Escalation continues to run rampant in British Columbia as a result of higher material and labour costs and the lack of competitive bids and skilled tradespeople especially in the lower mainland.

That comes from a Victoria Times columnist but it underscores our concerns. We are profoundly supportive of the ideals and the principles of the Olympic movement and Paralympic movement. We are profoundly supportive of our athletes. In fact the NDP throughout its history has called for more support for Canadian athletes. There is no doubt about that. However we balance that off with real concerns about the cost overruns that are apprehended with these Olympic Games and both at the provincial legislature in Victoria and here in the federal Parliament we are raising those issues on a regular basis.

We saw Bill C-47 as a bill that would help to address in part those apprehended Olympic cost overruns and we want to make sure that the Vancouver Olympic Committee can do what it needs to do to ensure that there are as few obligations imposed on taxpayers as possible.

In fact, we would like to make sure that the B.C. provincial government does its job to ensure that there is not additional funds required. However we are generally concerned as is B.C.'s auditor general with the direction the provincial government is taking. So we support in principle Bill C-47 and we constructively brought forward amendments that improve the bill, so that the bill actually does address some of the concerns that people have raised about it perhaps going too far.
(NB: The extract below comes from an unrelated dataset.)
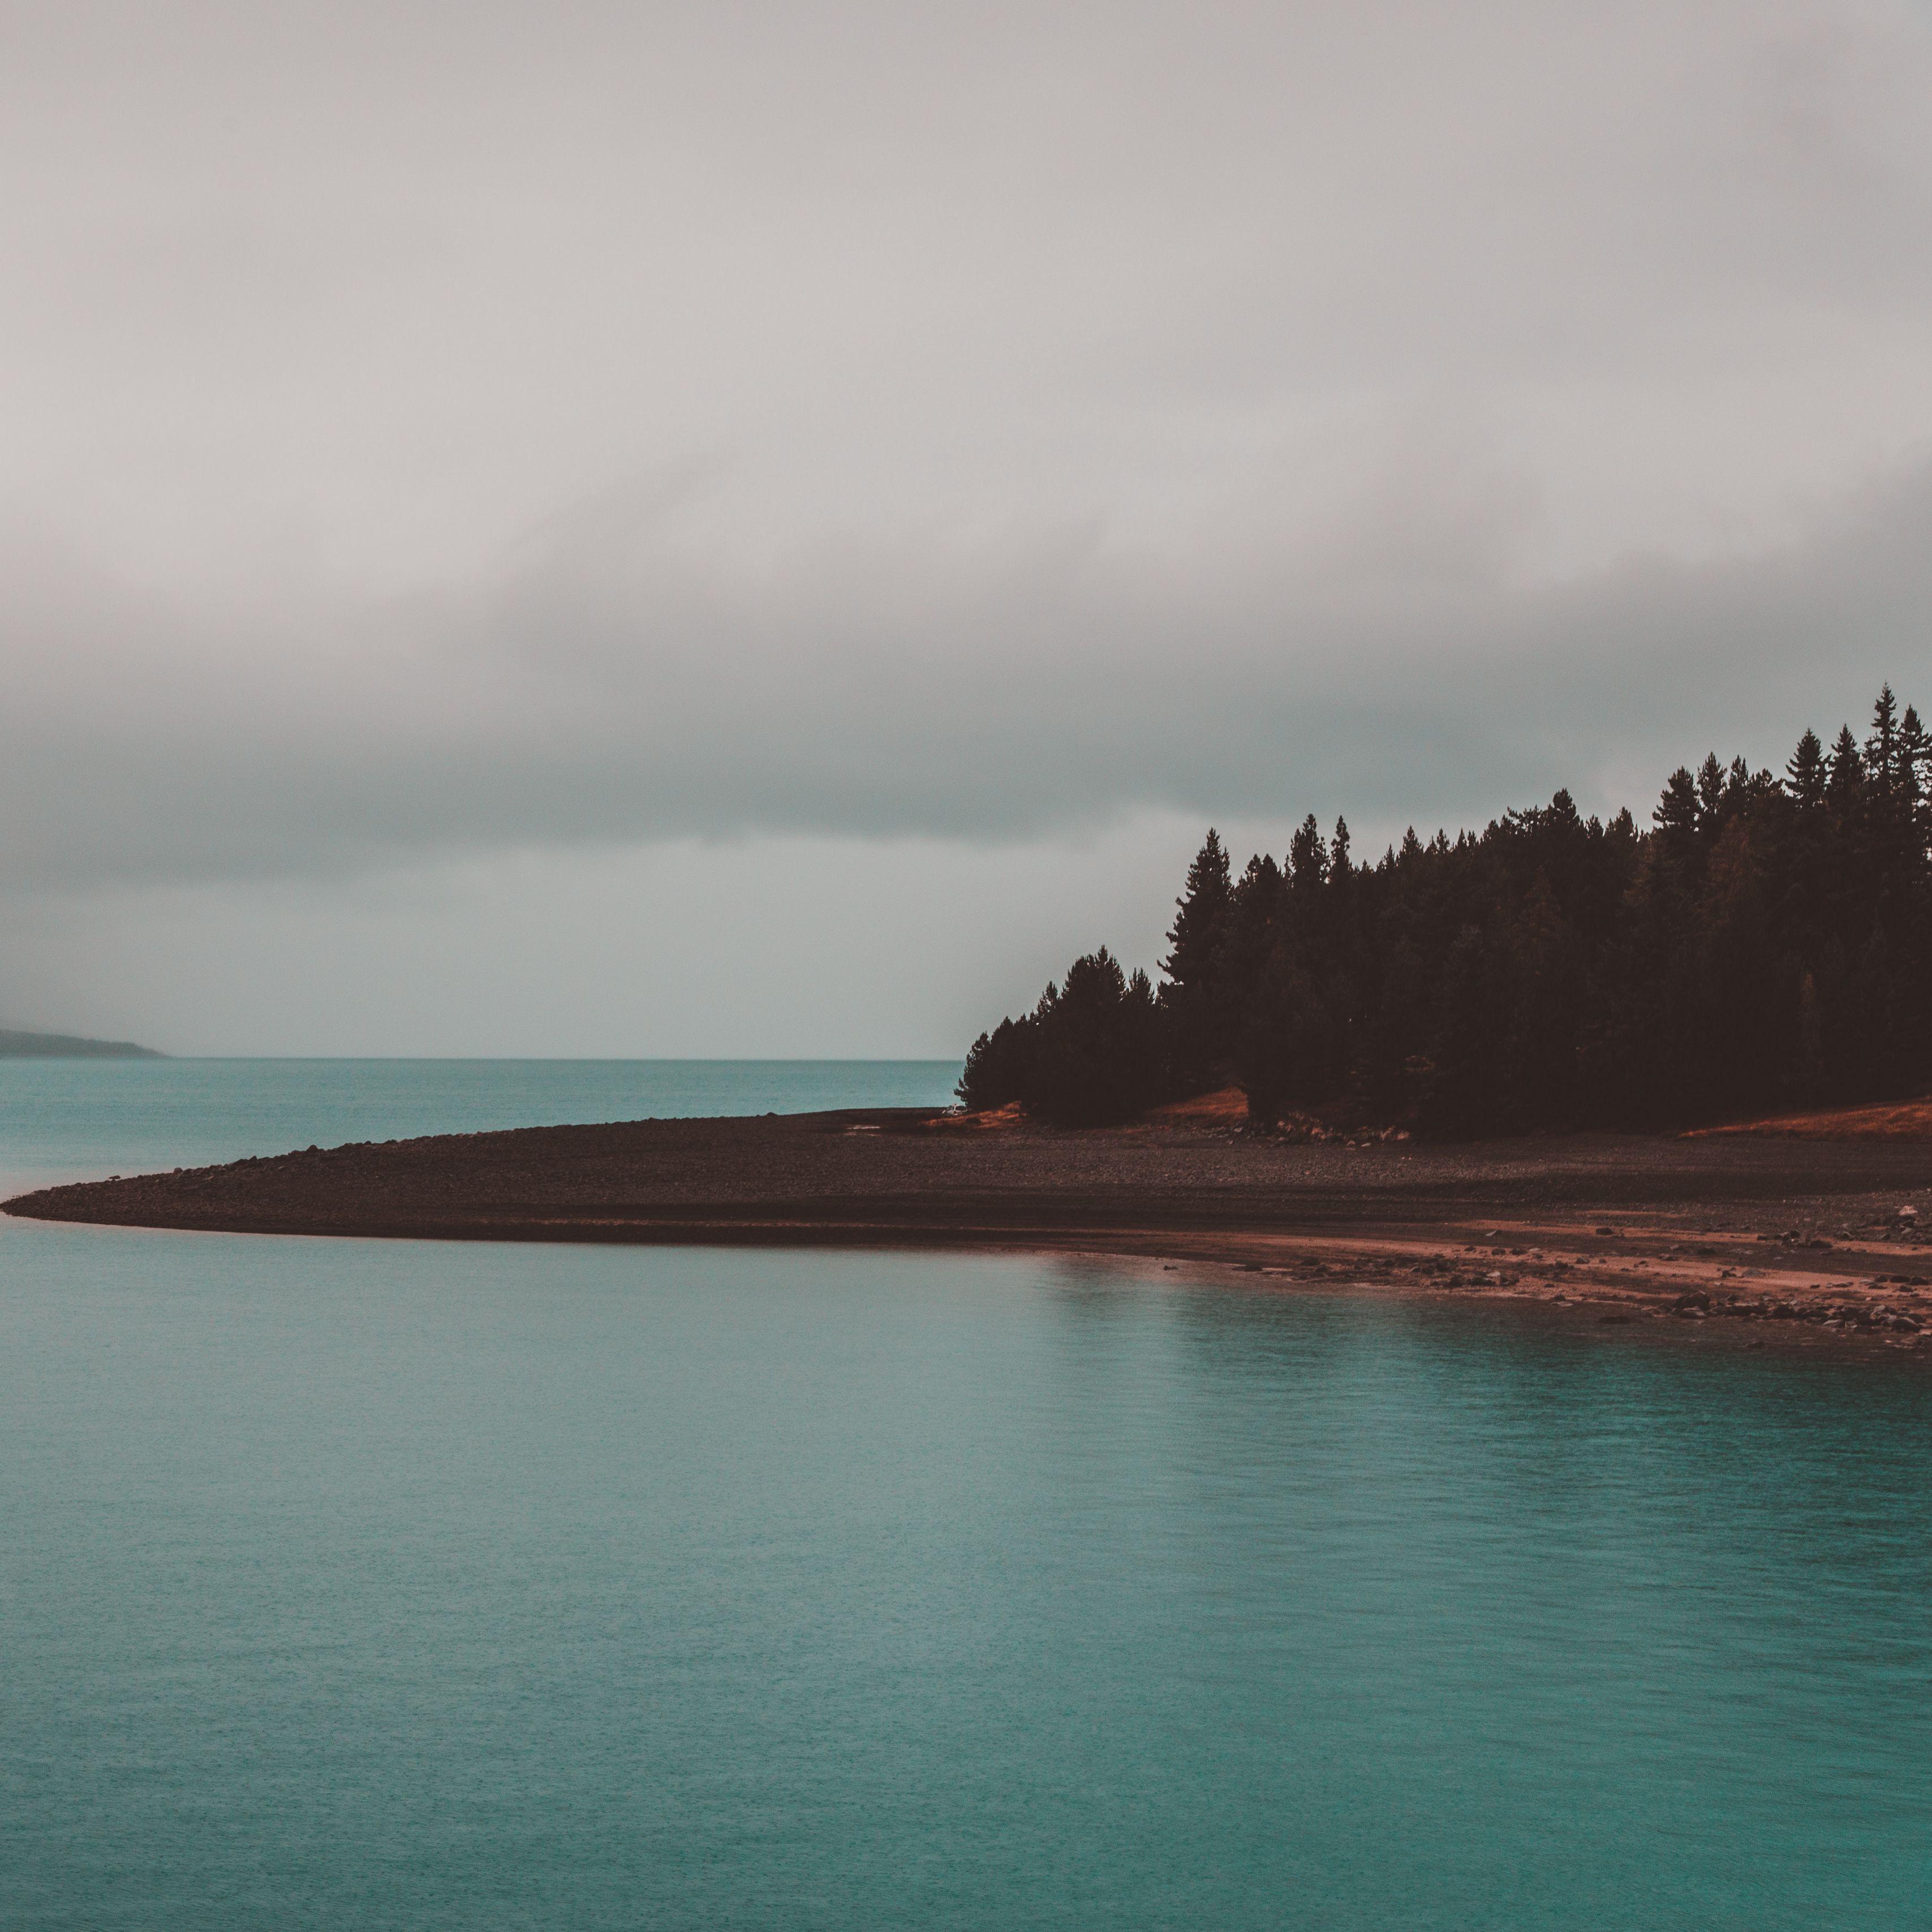 3415x3415 Wallpaper shore, trees, sea

The sunset clause will make a difference, there is no doubt. The exemption on electronic media will make a difference, there is no doubt about that. We have certainly sent I think a very clear message to the Vancouver Olympic Organizing Committee that we want to make sure the regulations keep with the spirit of what the NDP has offered at the industry committee and what we are saying here in the House.

We want to make sure that these games proceed smoothly and that in the end all Canadians and all British Columbians will be happy and will be content with how the games actually came about and will feel some sense of pride that we in the Vancouver-Whistler area about the 2010 Olympic Games that really shows the ideals of the Olympic movement and also the ideals that we all have as Canadians.